The Supreme Court on Friday declined to entertain a Public Interest Litigation (PIL) seeking mandatory Nucleic Acid Amplification Testing (NAT) in all blood banks across India, stating that the court does not possess specialised expertise in medical science to decide on such technical matters.
Court Advises Representation to Health Authorities
A bench comprising Chief Justice Surya Kant and Justice Joymalya Bagchi asked the petitioner, Delhi-based NGO Sarvesham Mangalam Foundation, to submit a detailed representation to the secretaries of the health departments of all States and Union Territories.
The court observed that the concerned authorities could take an appropriate decision on the issue with the aid and advice of domain experts.
During the hearing, the Chief Justice also questioned the motive behind some PILs and remarked, “Do you think PILs are not funded from abroad. Do you think so?” according to news agency PTI.
The bench emphasised that decisions regarding medical testing protocols in blood banks should be taken by experts in the field rather than the judiciary.

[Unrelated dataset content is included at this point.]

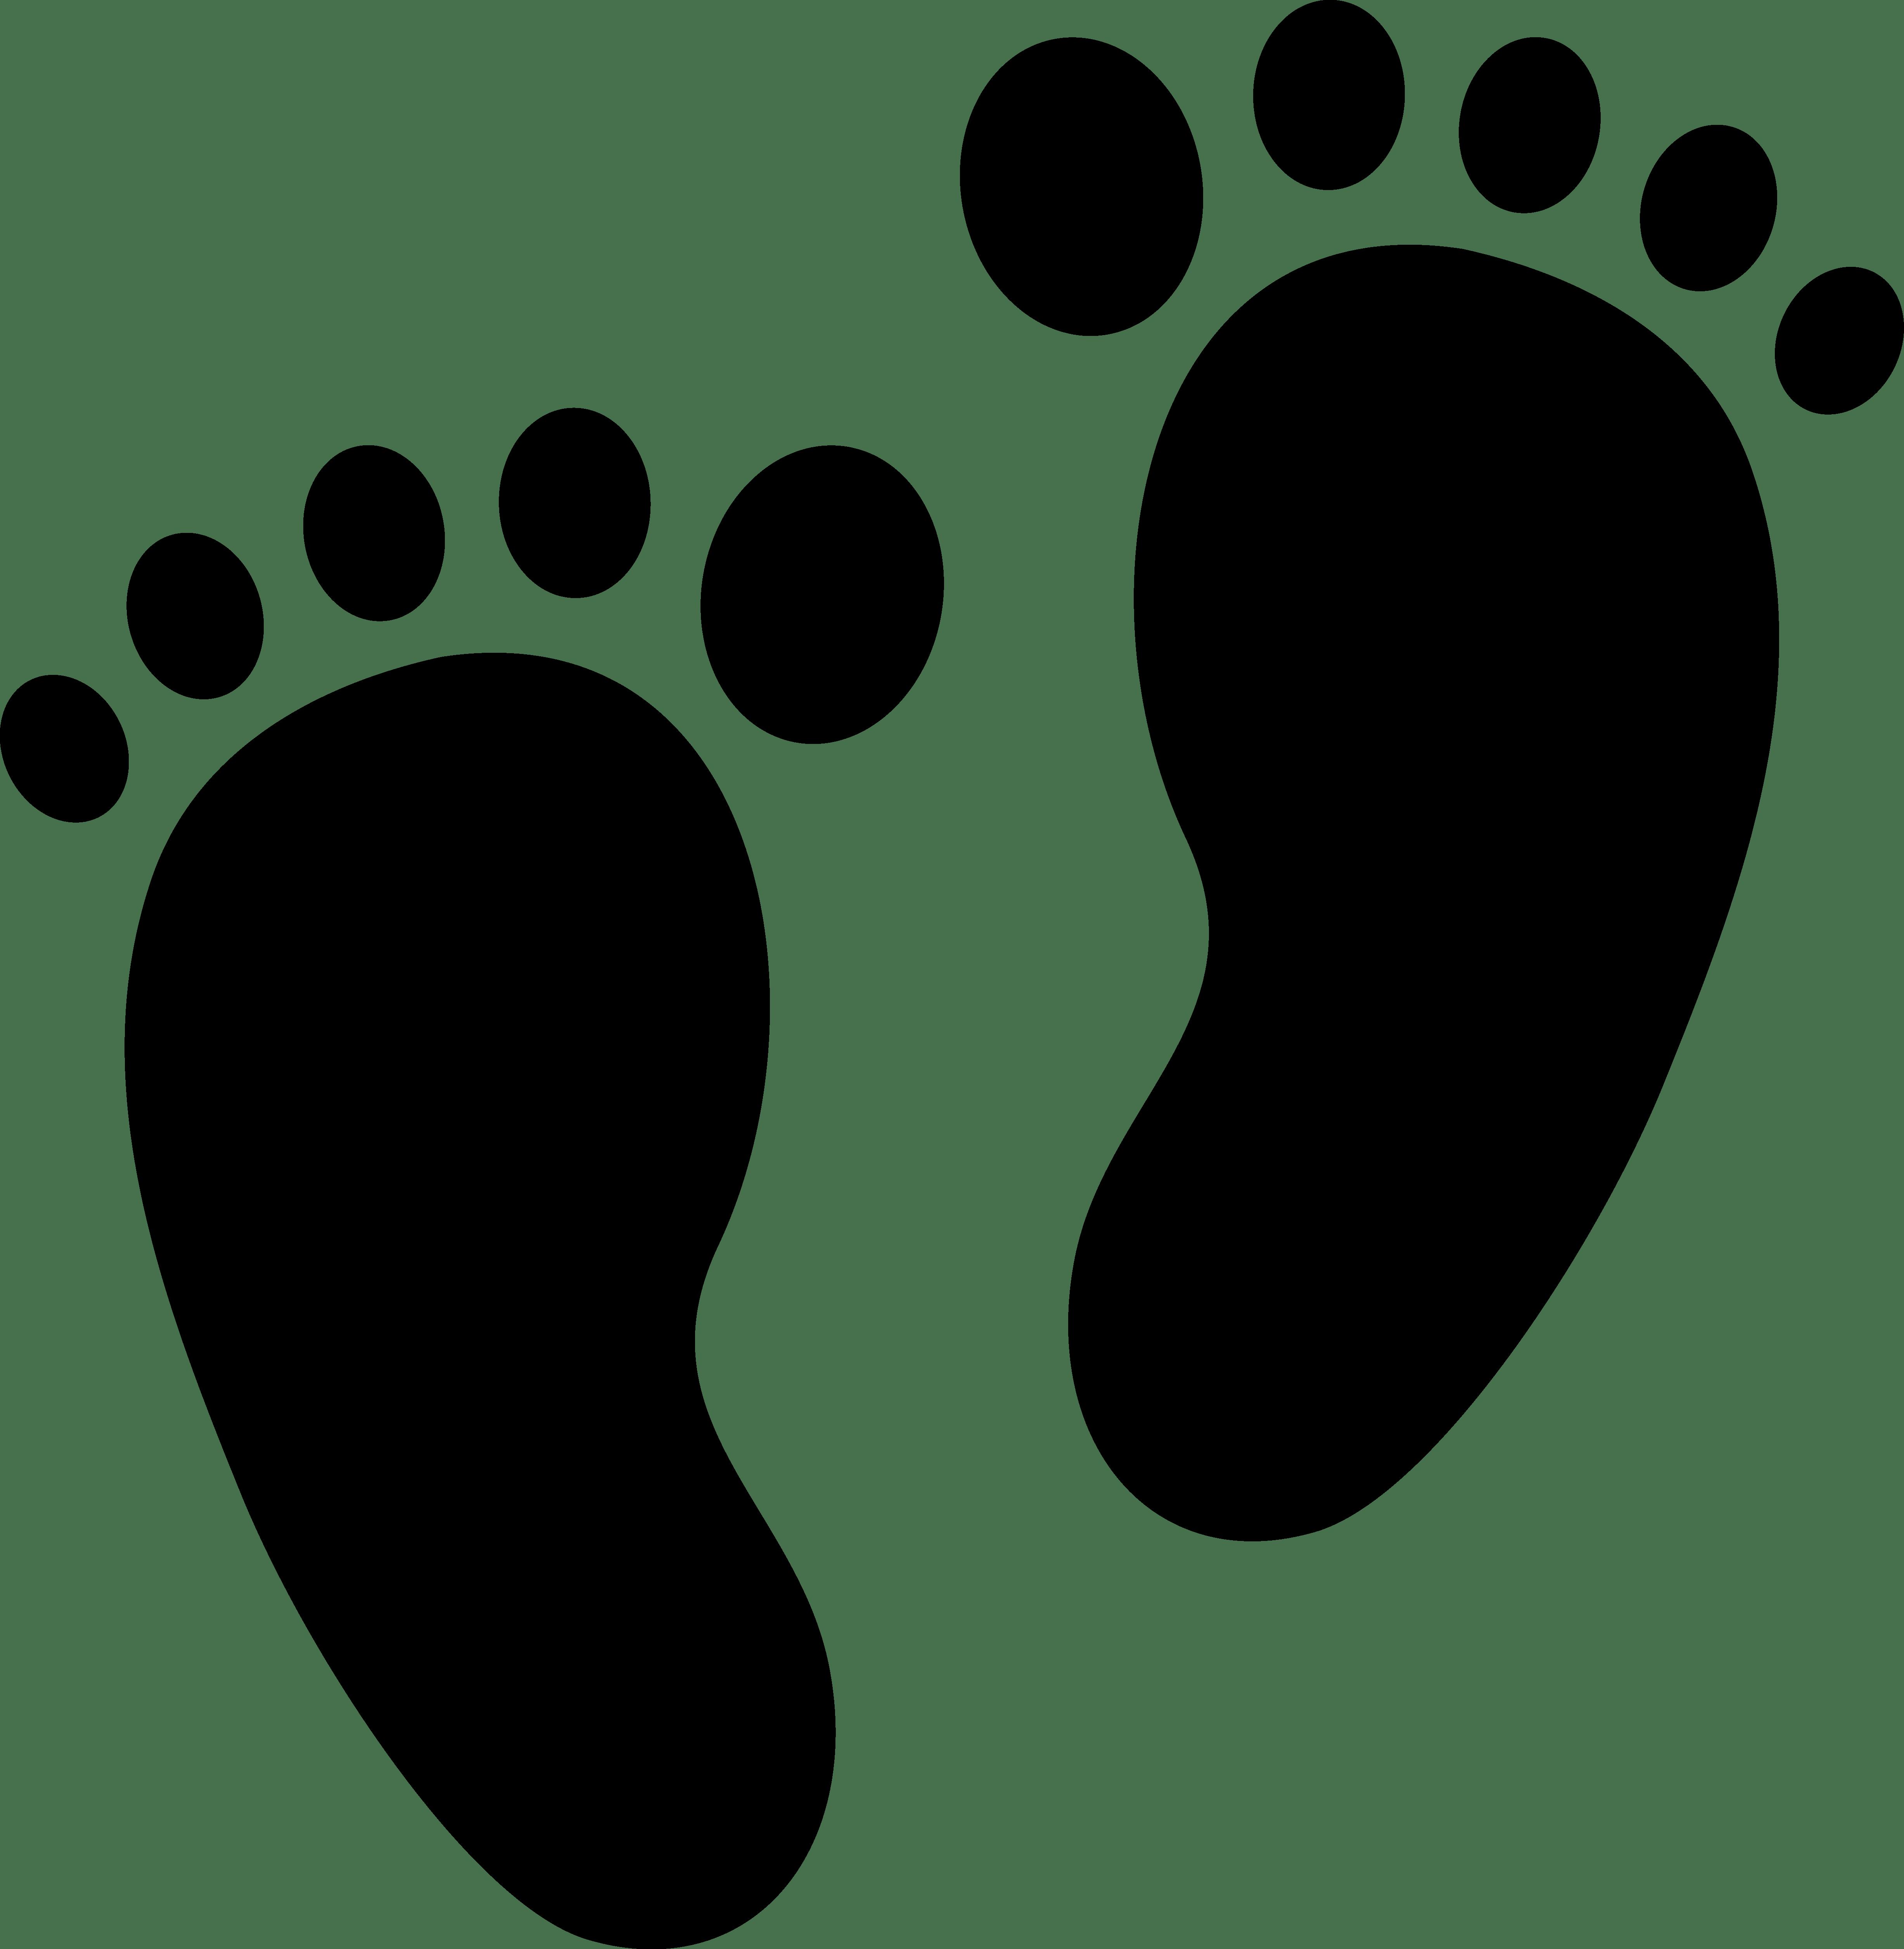 Download wallpaper toes full. Feet clipart toe

Court Cites Lack of Medical Expertise
The Supreme Court stated that it could not issue directions on the matter because it lacked specialised knowledge in medical science.
“We are definitely not experts on the subject… why should we pretend that we know medical science,” the Chief Justice said.
The bench further noted that the relief sought in the petition would have significant financial implications, and each state government operates under its own fiscal constraints.
Earlier Hearing Sought Details on NAT Testing
During an earlier hearing on February 25, the court had asked the petitioner to provide detailed information about the cost of implementing NAT testing and the availability of such facilities in government hospitals across the country.
The bench had also asked whether government hospitals had the infrastructure to conduct NAT tests so that economically weaker patients could benefit from safer blood screening.
Petition Sought Recognition of ‘Right to Safe Blood’
In its plea, the foundation made the Union Ministry of Health and Family Welfare along with all States and Union Territories parties to the case.
The PIL sought a declaration that the “Right to Safe Blood” is an intrinsic part of the Right to Life guaranteed under Article 21 of the Constitution.
It also requested the court to direct the Centre and states to implement mandatory NAT testing in all blood banks to detect Transfusion Transmissible Infections (TTIs) such as Human Immunodeficiency Virus (HIV), Hepatitis C Virus (HCV), Hepatitis B Virus (HBV), malaria, and syphilis in donated blood.
Concerns Over Safety of Blood Transfusions
The petitioner highlighted what it described as a systemic failure to protect vulnerable patients, particularly those suffering from Thalassemia, from life-threatening infections transmitted through blood transfusions.
Thalassemia is a genetic blood disorder in which the body cannot produce enough haemoglobin. Patients suffering from the condition require blood transfusions every 15 to 20 days for survival.
According to the NGO, for many patients in India these repeated transfusions have become a “gamble with death”.
Recent Incidents Cited in the Petition
The PIL cited several recent incidents to underline the urgency of strengthening blood safety standards.
In Madhya Pradesh in 2025, at least six Thalassemia-affected children reportedly tested HIV-positive after receiving blood transfusions at Satna District Hospital.
In Jharkhand, five children were infected with HIV following transfusions at Sadar Hospital in Chaibasa in 2025. The petition also referred to a 2023 incident in Uttar Pradesh where 14 children allegedly contracted hepatitis and HIV after blood transfusions at a medical college.
The NGO argued that India, often referred to as the Thalassemia capital of the world, urgently needs stronger and standardised blood screening protocols to ensure the safety of blood transfusions nationwide.